Yeah, I tried.. He tried a lot too, till the last breath. And he was a guy who looked like he was smiling... That made it so much worse to see.His spirit was strong but his body was too far gone.. That guy should be shot for having his bettas kept the way he did! All the other fish were kept perfectly! I know I'm over reacting but I'm just so mad!


----------



## kgs1992 (Jun 11, 2011)

No you're not! I understand how you feel!
A smiling betta?! First time I've heard that! 
You were lucky to have had one like him..


----------



## fightergirl2710 (Jun 9, 2011)

Thanks


----------



## Romad (Jun 28, 2009)

Awwww.. poor little guy. 

It was kind of you to give him some love and care at the end of his life.
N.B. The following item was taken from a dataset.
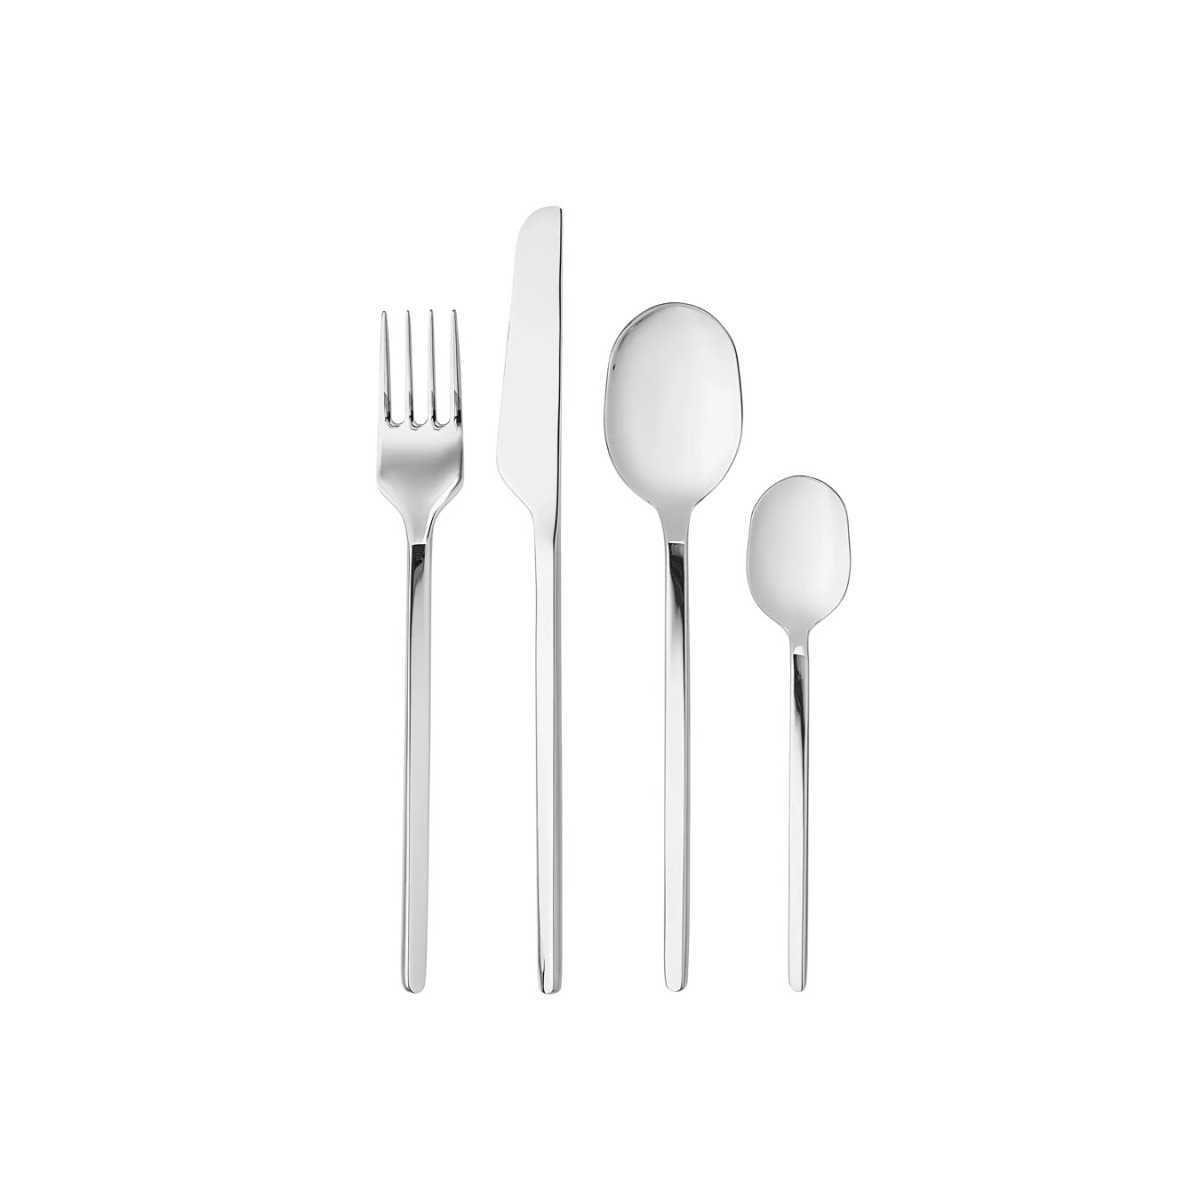 BOLIA Carved Cutlery 1set
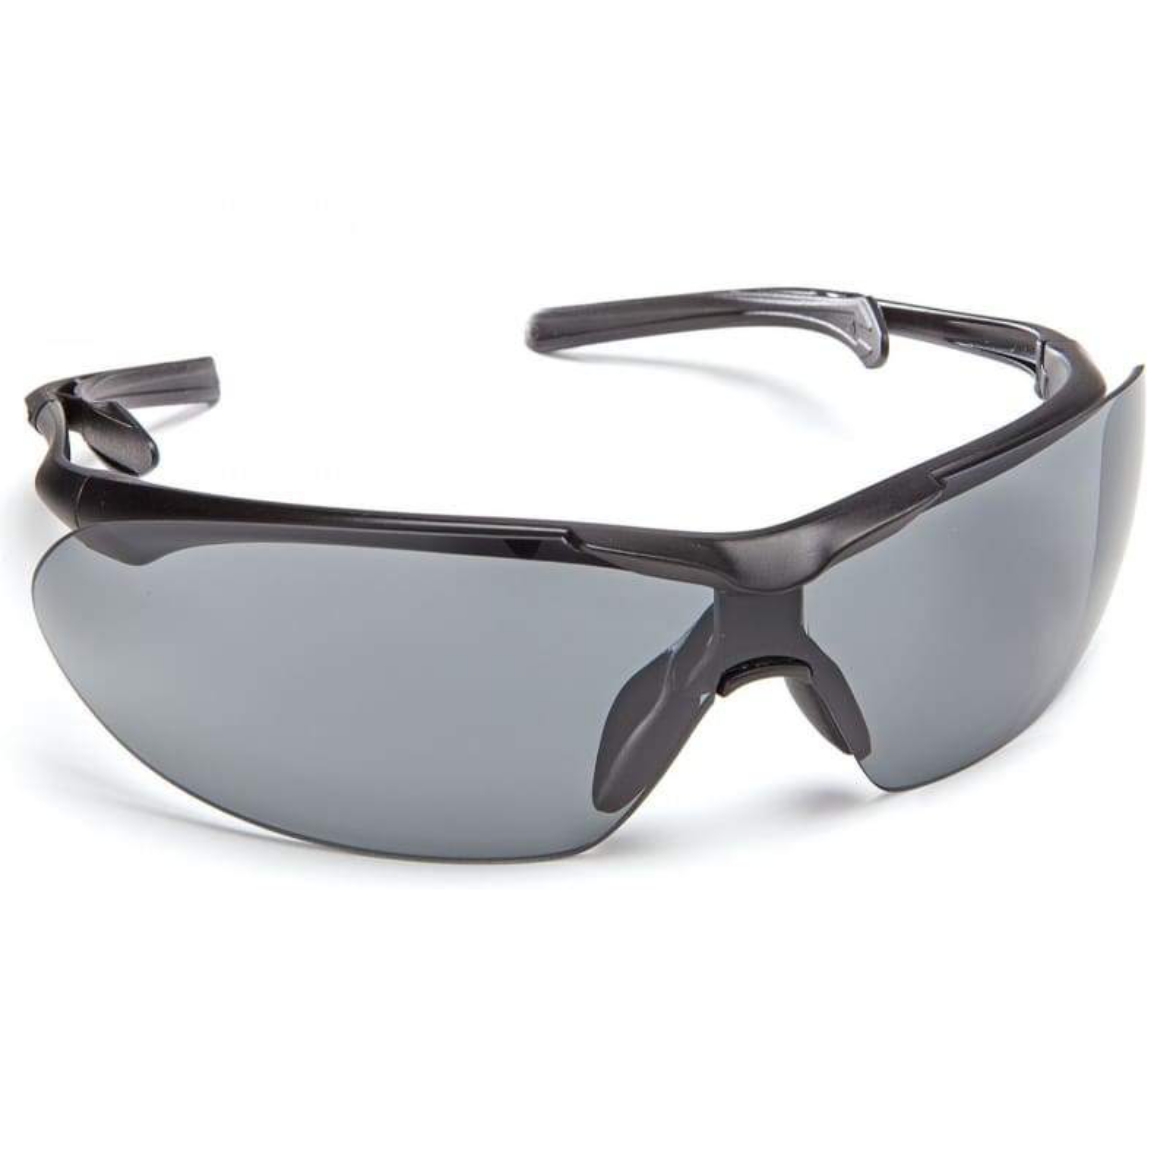 Picture of Force360 Eyefit Smoke Lens Safety Glasses

RIP fishy.


----------



## fightergirl2710 (Jun 9, 2011)

Thank you for your kind words  I'm sure he is in a better place, wherever he is..


----------



## dramaqueen (Jul 7, 2008)

I'm so sorry for your loss.


----------



## Ashleigh (May 28, 2011)

Such a sad story, almost made me cry D: rest in peace Little Blue Boy.


----------



## Loryen (Feb 16, 2011)

Aw, I'm sure he's smiling at you from some place... RIP


----------



## fightergirl2710 (Jun 9, 2011)

Thanks you guys, even though he was around for such a short time, he grew on me very fast... Thank you for your support!


----------



## Johnificent (Feb 21, 2010)

oh no! im so sorry, but you did a great job with him, so you should be proud! he is waving at you from fishy heaven.


----------



## TheBlueBettaFish (Jun 30, 2011)

Rest In Peace


----------